RECORDS TO USE:

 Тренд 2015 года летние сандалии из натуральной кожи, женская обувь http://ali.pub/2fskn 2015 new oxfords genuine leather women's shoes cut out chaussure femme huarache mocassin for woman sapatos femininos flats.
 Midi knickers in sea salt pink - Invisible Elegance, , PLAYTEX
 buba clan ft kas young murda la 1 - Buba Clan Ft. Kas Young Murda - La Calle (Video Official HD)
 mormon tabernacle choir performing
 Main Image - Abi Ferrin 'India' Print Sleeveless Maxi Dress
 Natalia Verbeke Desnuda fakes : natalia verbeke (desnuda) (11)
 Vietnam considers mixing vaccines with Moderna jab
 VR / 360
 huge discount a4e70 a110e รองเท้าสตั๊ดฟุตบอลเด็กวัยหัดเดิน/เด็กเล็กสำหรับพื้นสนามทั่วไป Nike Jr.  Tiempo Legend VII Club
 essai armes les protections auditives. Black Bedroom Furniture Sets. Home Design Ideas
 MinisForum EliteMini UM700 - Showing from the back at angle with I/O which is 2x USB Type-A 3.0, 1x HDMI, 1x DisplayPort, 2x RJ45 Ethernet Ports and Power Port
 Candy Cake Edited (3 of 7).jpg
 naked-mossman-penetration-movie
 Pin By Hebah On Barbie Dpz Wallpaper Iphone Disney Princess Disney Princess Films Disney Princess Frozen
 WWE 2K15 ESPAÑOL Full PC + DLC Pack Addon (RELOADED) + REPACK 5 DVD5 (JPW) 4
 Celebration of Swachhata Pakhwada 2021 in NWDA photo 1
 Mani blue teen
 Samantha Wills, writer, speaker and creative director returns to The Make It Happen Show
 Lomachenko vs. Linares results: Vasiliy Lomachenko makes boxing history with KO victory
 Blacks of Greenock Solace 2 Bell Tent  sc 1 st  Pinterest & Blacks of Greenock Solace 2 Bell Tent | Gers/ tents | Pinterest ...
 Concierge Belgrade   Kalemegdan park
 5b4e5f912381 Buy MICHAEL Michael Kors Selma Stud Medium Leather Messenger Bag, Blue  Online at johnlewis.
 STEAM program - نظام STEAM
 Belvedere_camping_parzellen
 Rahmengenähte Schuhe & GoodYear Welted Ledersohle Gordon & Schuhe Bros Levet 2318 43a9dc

TASK GOAL: The records shown above must be returned in full, exactly as written.

TASK RESULT:
 Тренд 2015 года летние сандалии из натуральной кожи, женская обувь http://ali.pub/2fskn 2015 new oxfords genuine leather women's shoes cut out chaussure femme huarache mocassin for woman sapatos femininos flats.
 Midi knickers in sea salt pink - Invisible Elegance, , PLAYTEX
 buba clan ft kas young murda la 1 - Buba Clan Ft. Kas Young Murda - La Calle (Video Official HD)
 mormon tabernacle choir performing
 Main Image - Abi Ferrin 'India' Print Sleeveless Maxi Dress
 Natalia Verbeke Desnuda fakes : natalia verbeke (desnuda) (11)
 Vietnam considers mixing vaccines with Moderna jab
 VR / 360
 huge discount a4e70 a110e รองเท้าสตั๊ดฟุตบอลเด็กวัยหัดเดิน/เด็กเล็กสำหรับพื้นสนามทั่วไป Nike Jr.  Tiempo Legend VII Club
 essai armes les protections auditives. Black Bedroom Furniture Sets. Home Design Ideas
 MinisForum EliteMini UM700 - Showing from the back at angle with I/O which is 2x USB Type-A 3.0, 1x HDMI, 1x DisplayPort, 2x RJ45 Ethernet Ports and Power Port
 Candy Cake Edited (3 of 7).jpg
 naked-mossman-penetration-movie
 Pin By Hebah On Barbie Dpz Wallpaper Iphone Disney Princess Disney Princess Films Disney Princess Frozen
 WWE 2K15 ESPAÑOL Full PC + DLC Pack Addon (RELOADED) + REPACK 5 DVD5 (JPW) 4
 Celebration of Swachhata Pakhwada 2021 in NWDA photo 1
 Mani blue teen
 Samantha Wills, writer, speaker and creative director returns to The Make It Happen Show
 Lomachenko vs. Linares results: Vasiliy Lomachenko makes boxing history with KO victory
 Blacks of Greenock Solace 2 Bell Tent  sc 1 st  Pinterest & Blacks of Greenock Solace 2 Bell Tent | Gers/ tents | Pinterest ...
 Concierge Belgrade   Kalemegdan park
 5b4e5f912381 Buy MICHAEL Michael Kors Selma Stud Medium Leather Messenger Bag, Blue  Online at johnlewis.
 STEAM program - نظام STEAM
 Belvedere_camping_parzellen
 Rahmengenähte Schuhe & GoodYear Welted Ledersohle Gordon & Schuhe Bros Levet 2318 43a9dc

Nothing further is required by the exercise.